I. Drug Delivery Devices
[0031] Local drug delivery devices, for example, devices in the
form of catheters, polymeric delivery devices, and/or stents, can
be used to deliver therapeutic agents to ischemic areas, such as
myocardial tissue at and downstream of the implantation site when
positioned directly at or near a site of a previously occluded
blood vessel. The delivery of an anti-ischemic agent locally at the
ischemic injury site improves the viability of the cells by
reducing ischemic injury to the myocardial cells including
reperfusion injury which may occur upon return of blood flow to the
ischemic tissue. In cases where reperfusion therapy is performed by
angioplasty, a stent is often delivered to the reopened occlusion
site. A drug delivery stent for delivery of a therapeutic agent for
treatment of ischemic injury and/or sensitizer thereof can be
implanted at the implantation site in the traditional manner after
angioplasty. The drug delivery stent for delivery of the
therapeutic agent implanted at or near the occlusion site following
reperfusion therapy provides the advantage of reduction of ischemic
injury including reduction of reperfusion injury without the
difficulties associated with systemic delivery of the therapeutic
agent.

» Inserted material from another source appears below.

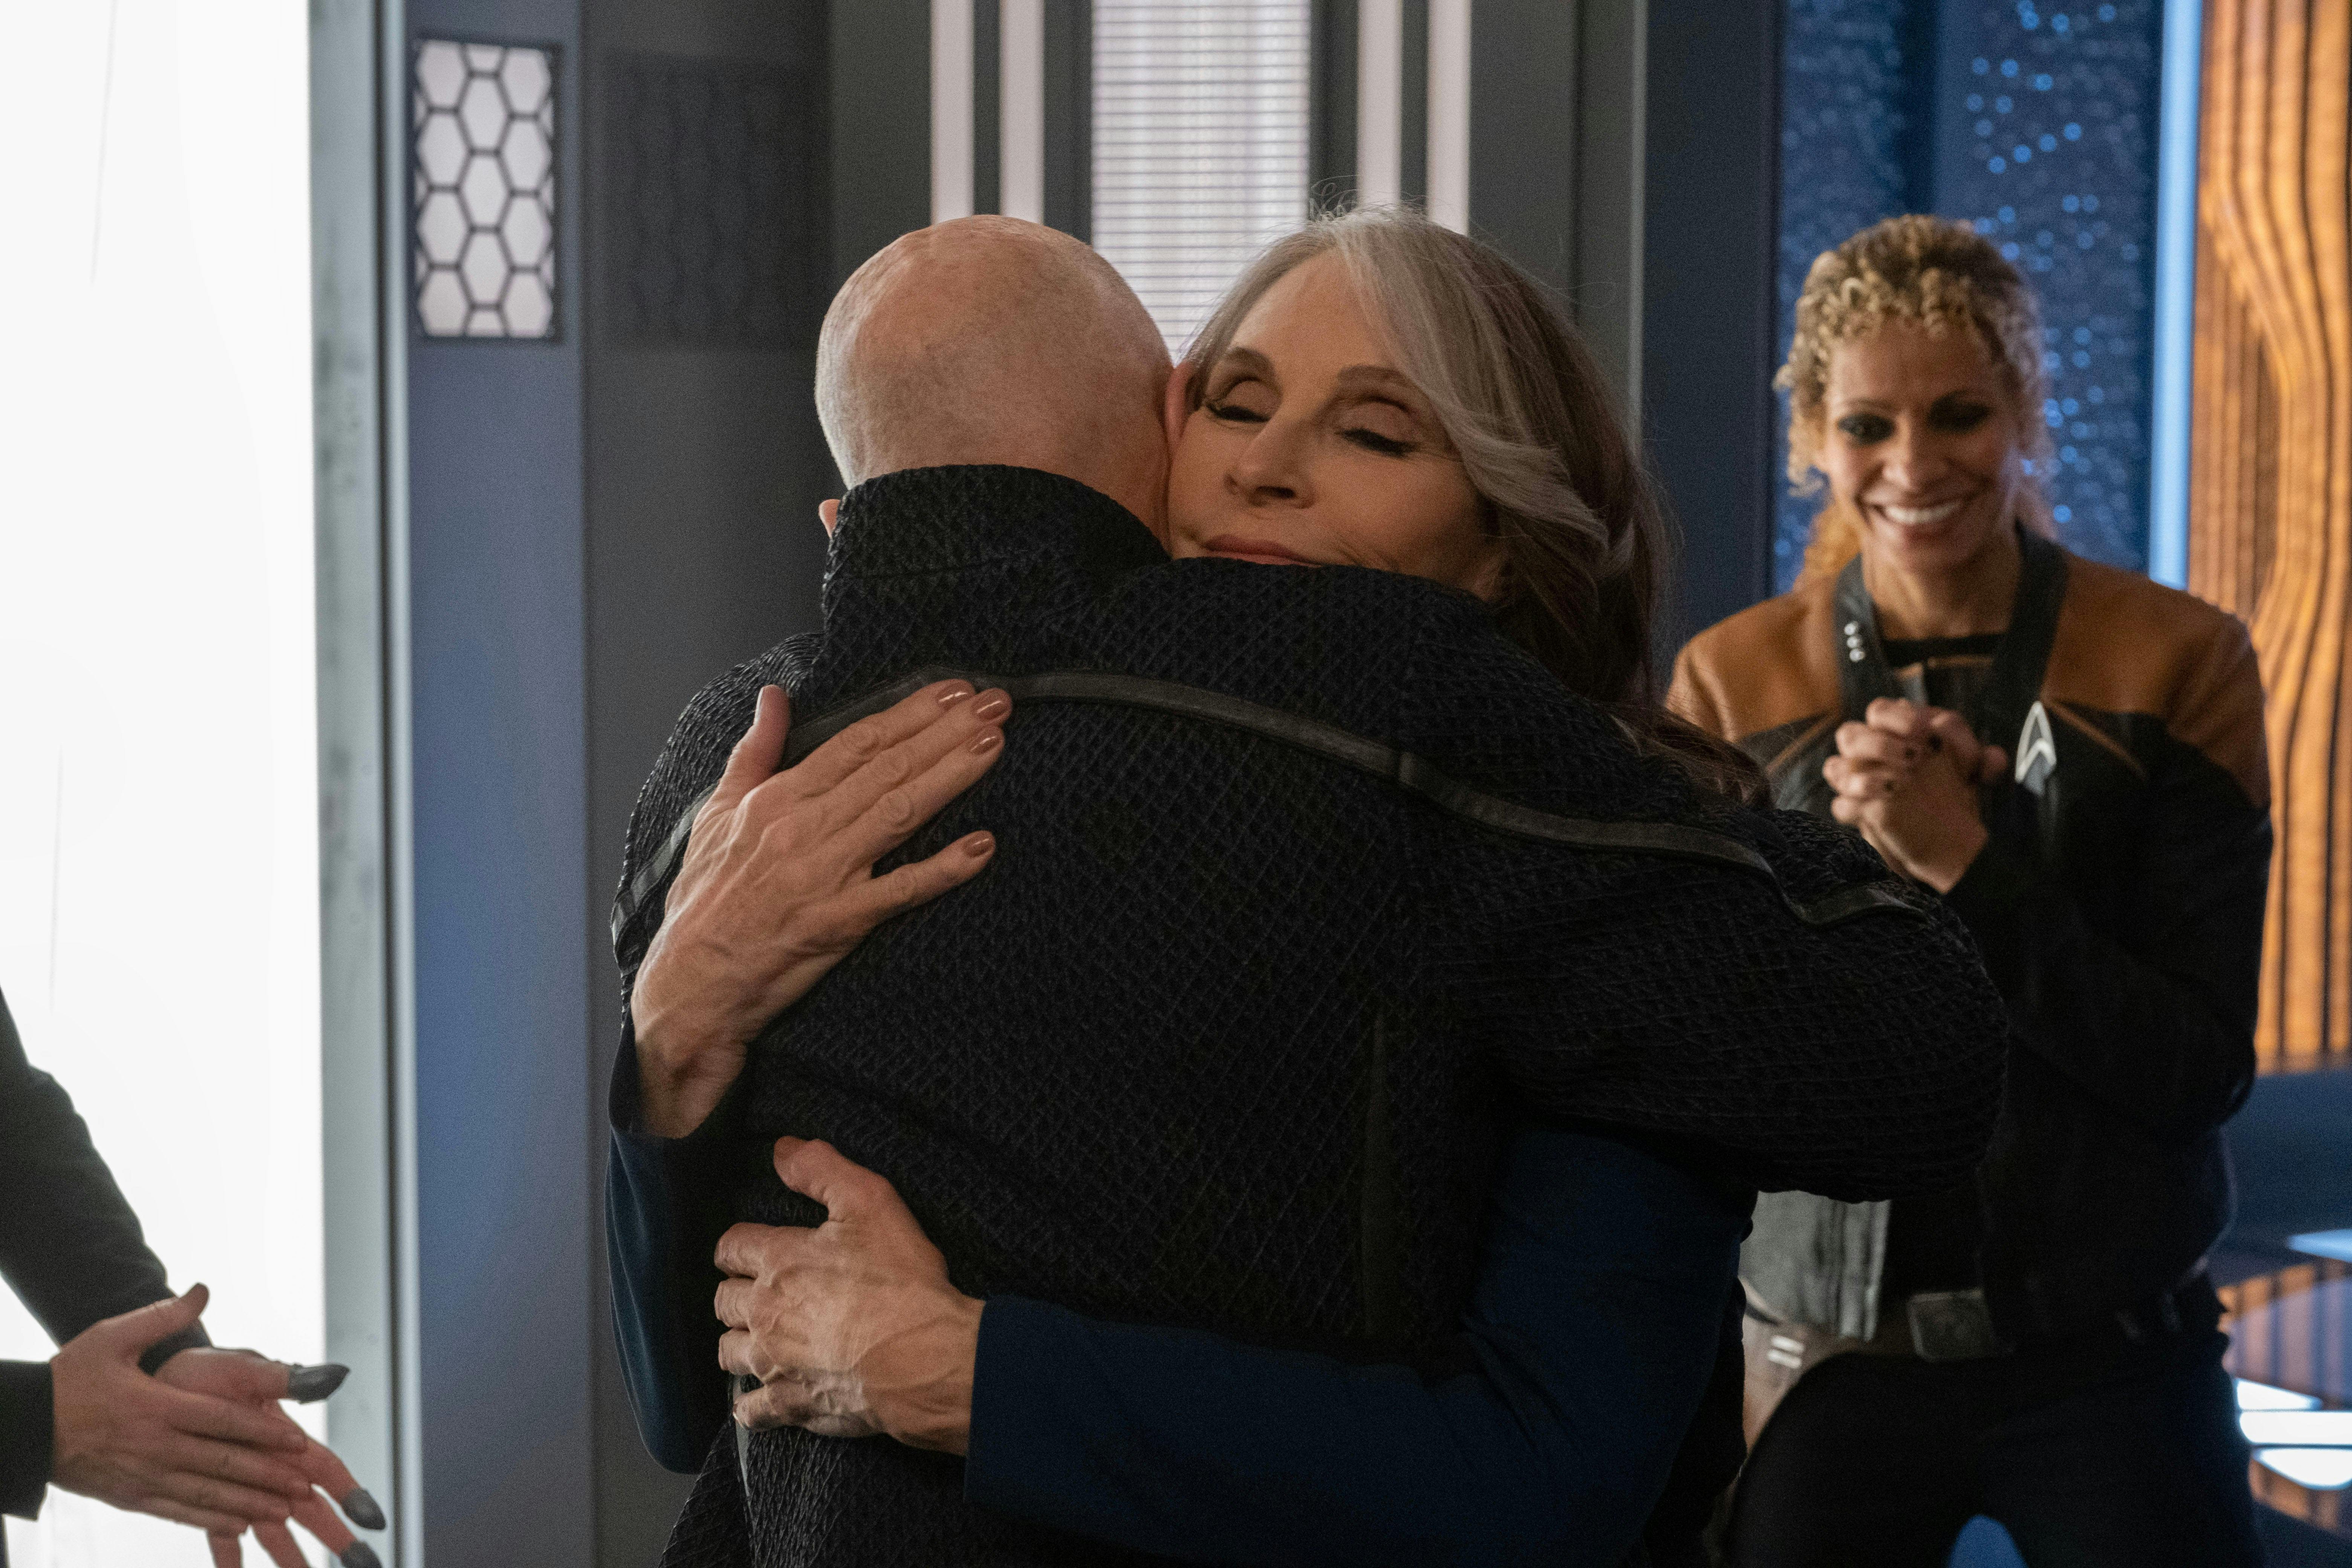 Star Trek: Picard BTS still - in the transporter room, Patrick Stewart and Gates McFadden hug as Michelle Hurd smiles and claps behind them

The implantable medical device may also include a drug that
inhibits restenosis.
[0032] Delivery devices can consist of something as simple as a
catheter which delivers drug into a blood vessel for release
downstream to the affected tissue; polymeric devices which can be
in the form of coatings; pellets; particles which contain bioactive
molecules that are released by diffusion or degradation of the
polymer over time; or a stent. The advantage of the stent is that
it can serve the dual purpose of a scaffolding within the blood
vessel and release of the bioactive molecules.
[0033] Examples of devices for administration of biologically
active agent include artificial organs such as artificial hearts,
anatomical reconstruction prostheses, coronary stents, vascular
grafts and conduits, vascular and structural stents, vascular
shunts, biological conduits, stents, valved grafts, permanently
in-dwelling percutaneous devices, and combinations thereof. Other
biomedical devices that are designed to dwell for extended periods
of time within a patient that are suitable for the inclusion of
therapeutic agents include, for example, Hickman catheters and
other percutaneous articles that are designed for use over a
plurality of days. Polymeric delivery devices include, for example,
U.S. Pat. Nos. 6,491,617 to Ogle, et al., 5,843,156, and 6,290,729
to Slepian, et al. In Slepian, et al., the therapeutic agent is
incorporated into a polymeric material which is applied as a
thermoplastic coating that is heated to conform to the surface of a
vessel, or more preferably, applied in a polymeric material that is
in a fluent state at the time of application and photopolymerized
in situ.
[0034] Examples of methods and materials for application and
release of therapeutic agents in a polymeric coating on an
implantable medical device are described in U.S. Pat. Nos.
6,273,913 to Wright, et al. and 6,712,845 to Hossainy.
[0035] One approach has been to coat a medical device such as a
vascular stent with a biologically active agent contained in a
polymer matrix, the device may be directly coated with a
biologically active agent without a polymer matrix. The compound
can be attached using any means that provide a drug-releasing
platform. Coating methods include, but are not limited to, dipping,
spraying, precipitation, coacervation, vapor deposition, ion beam
implantation, and crystallization. The biologically active agent
when bound without a polymer can be bound covalently, ionically, or
through other molecular interactions including, without limitation,
hydrogen bonding and van der Waals forces.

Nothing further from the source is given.